Transcribe each line below verbatim; pictures excluded.

Data block:
+ + +

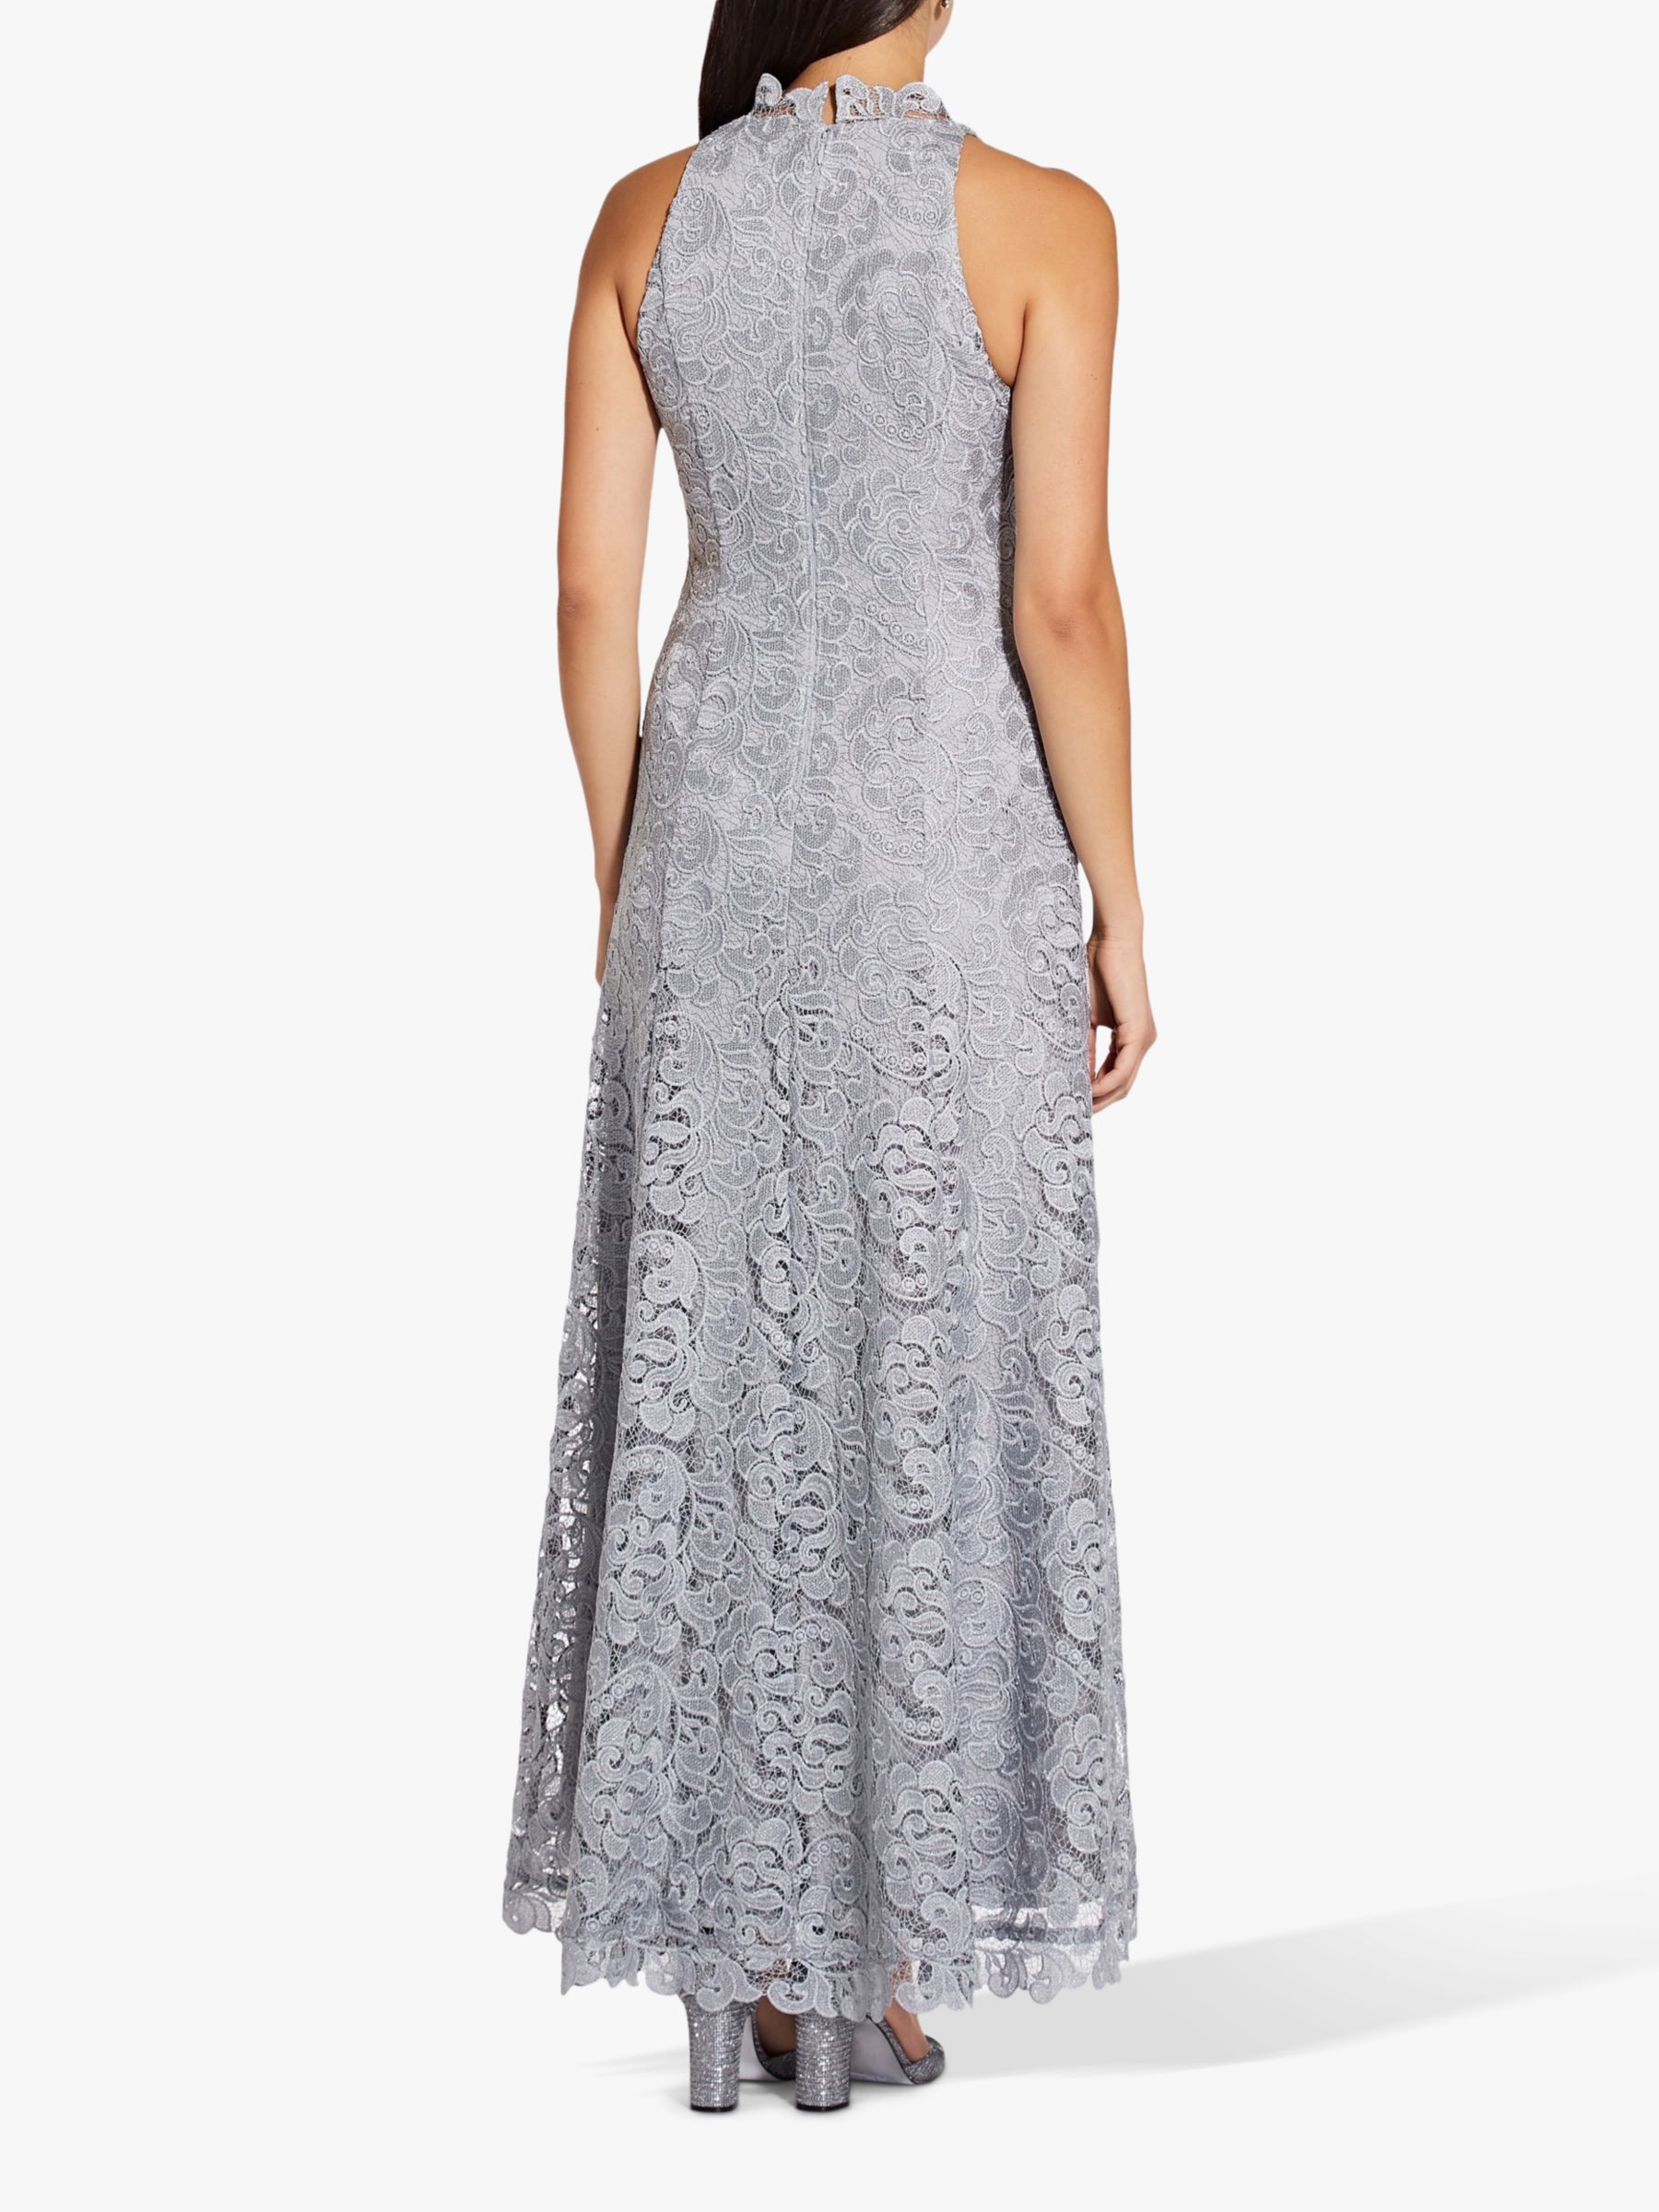 silver lace dress
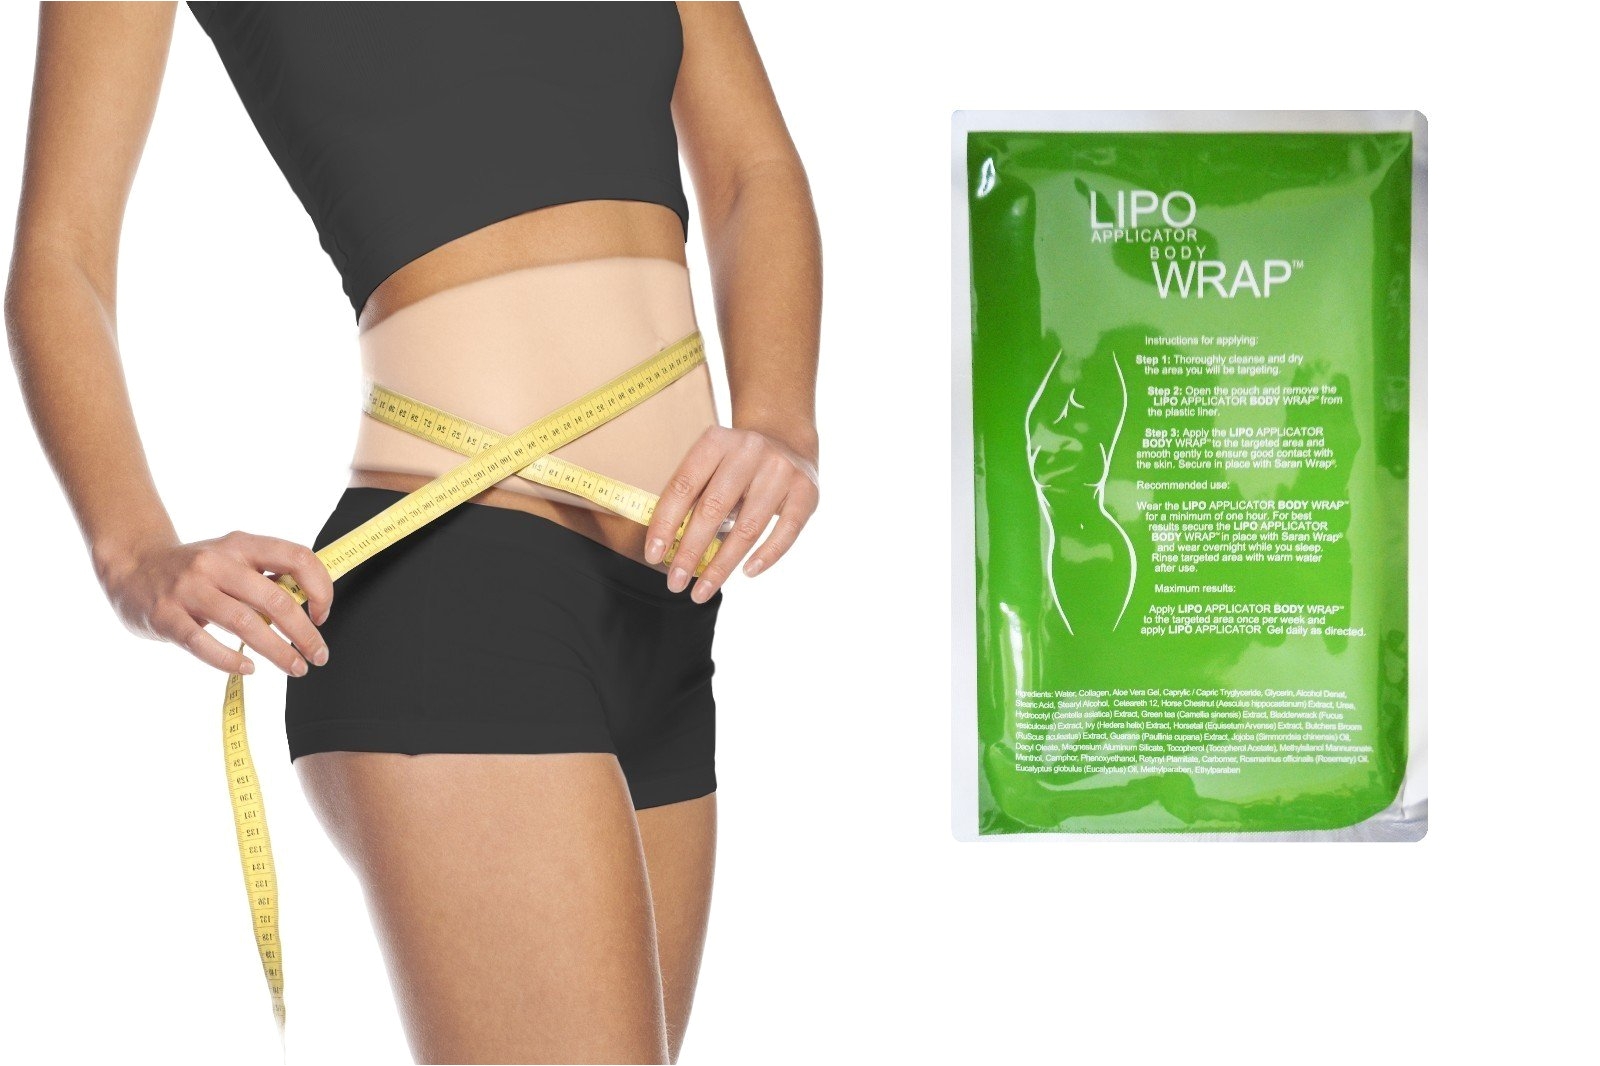 Lipo Light Treatment Amazon Com Ultimate Body Wrap Lipo Applicator Wrap 5 Wraps It
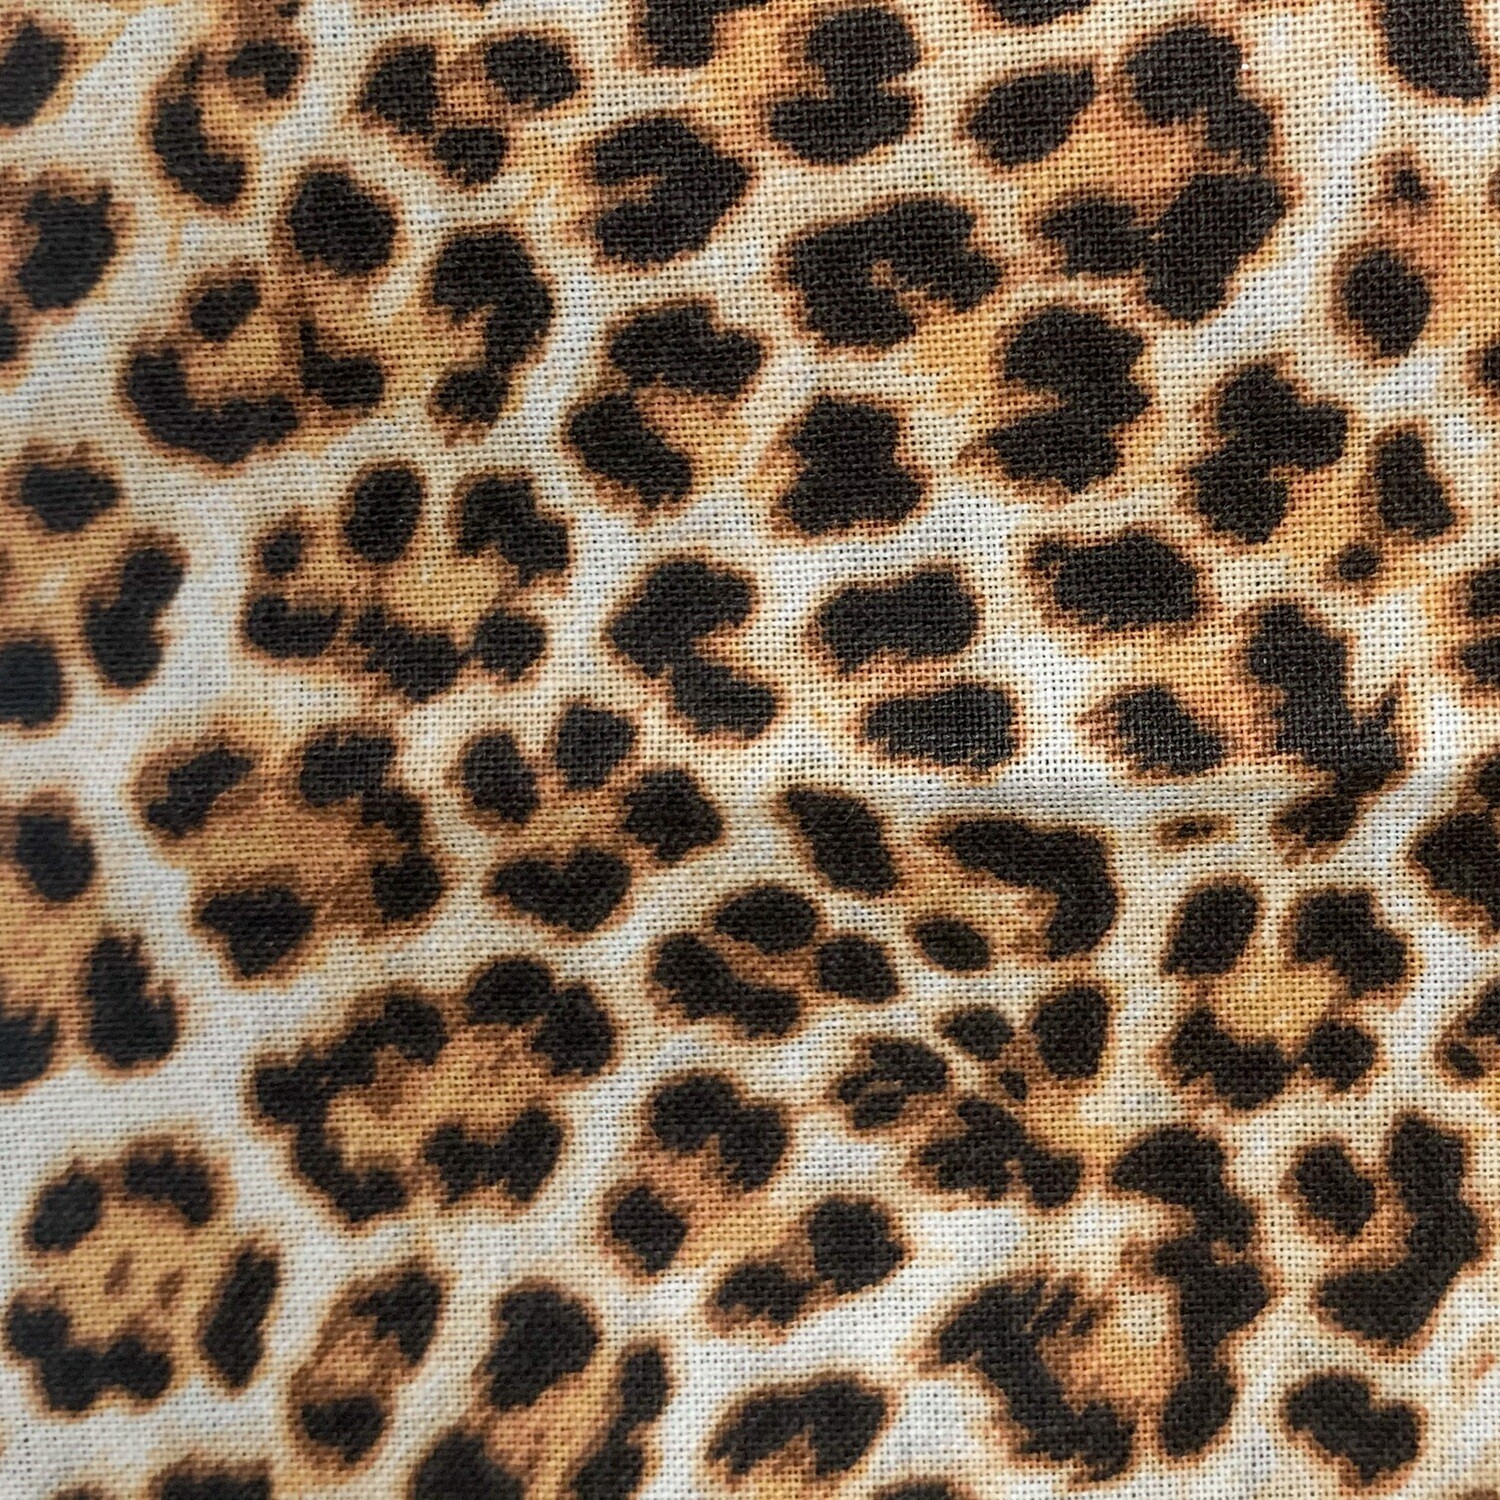 Catnip Cat Toy (Cheetah Print)
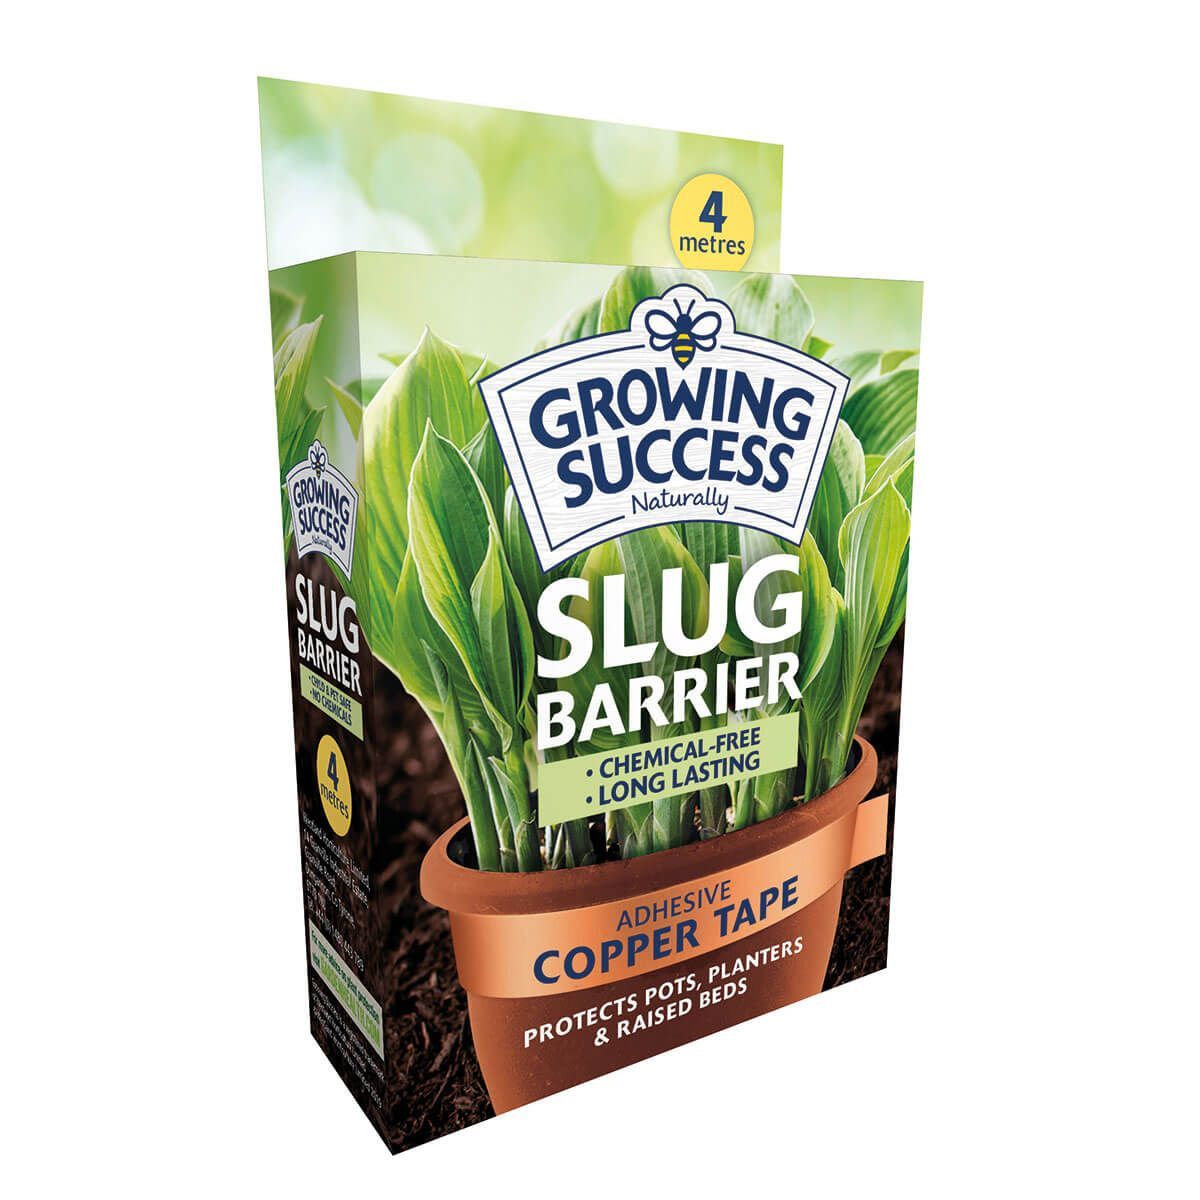 Growing Success Slug Barrier Copper Tape (4 Metres)

+ + +

Exercise result:
 silver lace dress
 Lipo Light Treatment Amazon Com Ultimate Body Wrap Lipo Applicator Wrap 5 Wraps It
 Catnip Cat Toy (Cheetah Print)
 Growing Success Slug Barrier Copper Tape (4 Metres)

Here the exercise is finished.